Тане показалось, она сама упадет сейчас под этот мерный говор на пол, и непонятно, что станет делать. В крике забьется, может.

Все, что было ее прошлым, вдруг прорвалось в настоящее, стеснило сердце. Невозможно было с этим жить.

– Кто за ней ухаживает, баба Гаша? – не отрывая взгляда от лица матери, спросила Таня.

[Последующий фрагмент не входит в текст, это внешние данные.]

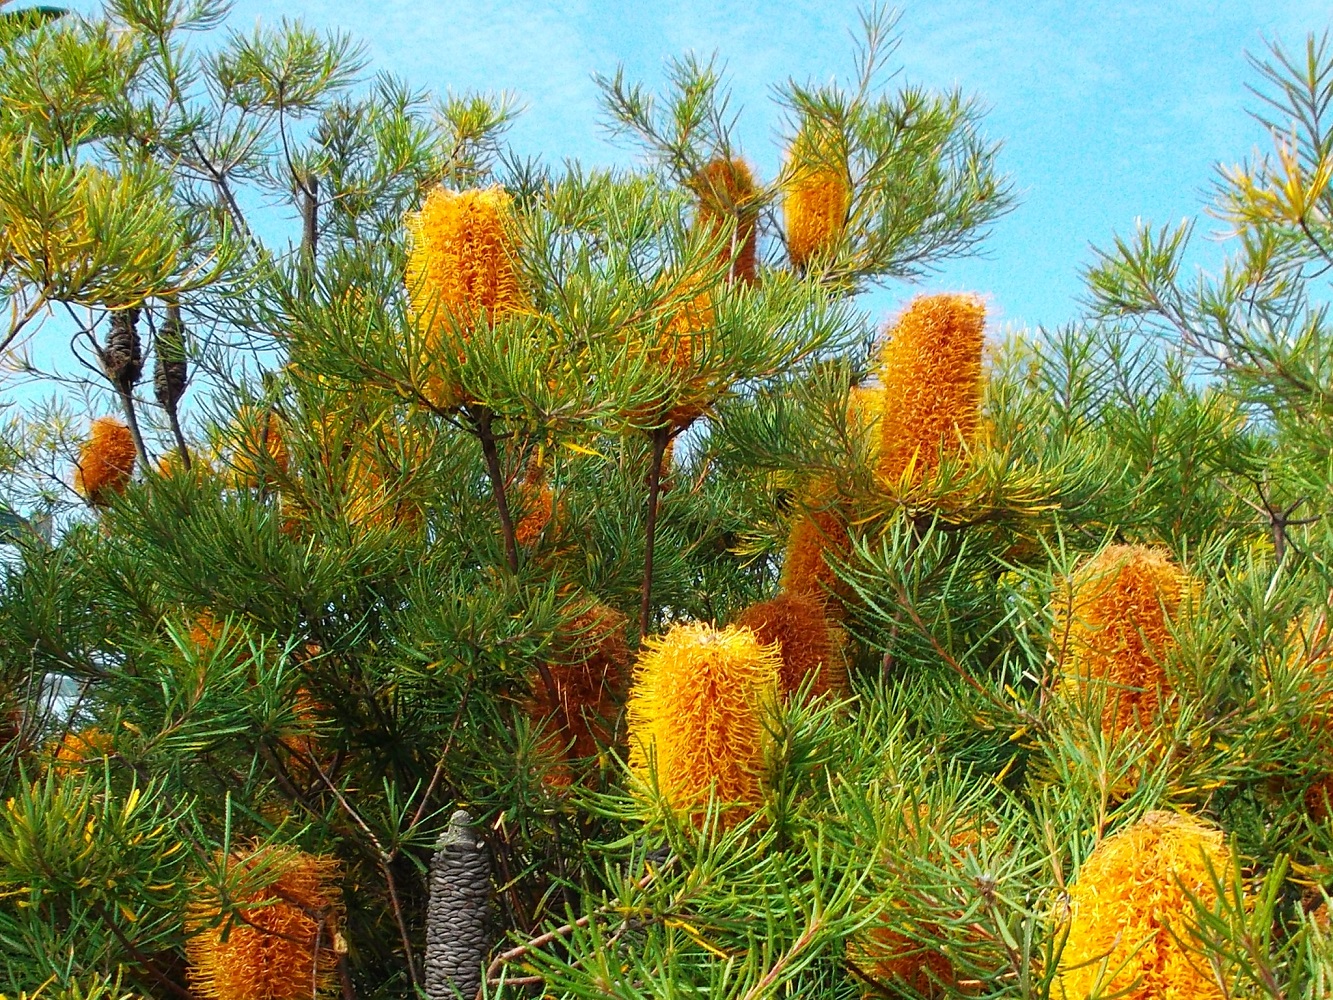 YELLOW BANKSIA by GREENFROGGY1

– Я, больше некому. Да какой уход? Не ест, не пьет, никакого и ухода не надо. Не жилица она, Таня, – повторила баба Гаша. – Вот-вот помрет. Ты приехала, и слава богу. Я ведь брату Надькиному на Дальний Восток позвонила, телефон у нее записан был. Мать ее, бабка твоя, живая еще, знаешь? При нем живет, при сыне своем, значит. Как уехала тридцать лет назад, так и живет. А дед твой помер. Это он мне сказал, Надькин брат, дядька твой, как его, забыла имя. Не приедем, сказал, дорого. Да и чего им ехать? Они и не помнят уже, есть ли она, нет ли. Как рассорились когда-то, так и нету меж ними мира, уж такие люди, ничего не поделаешь, и мать твоя такая была, сама знаешь…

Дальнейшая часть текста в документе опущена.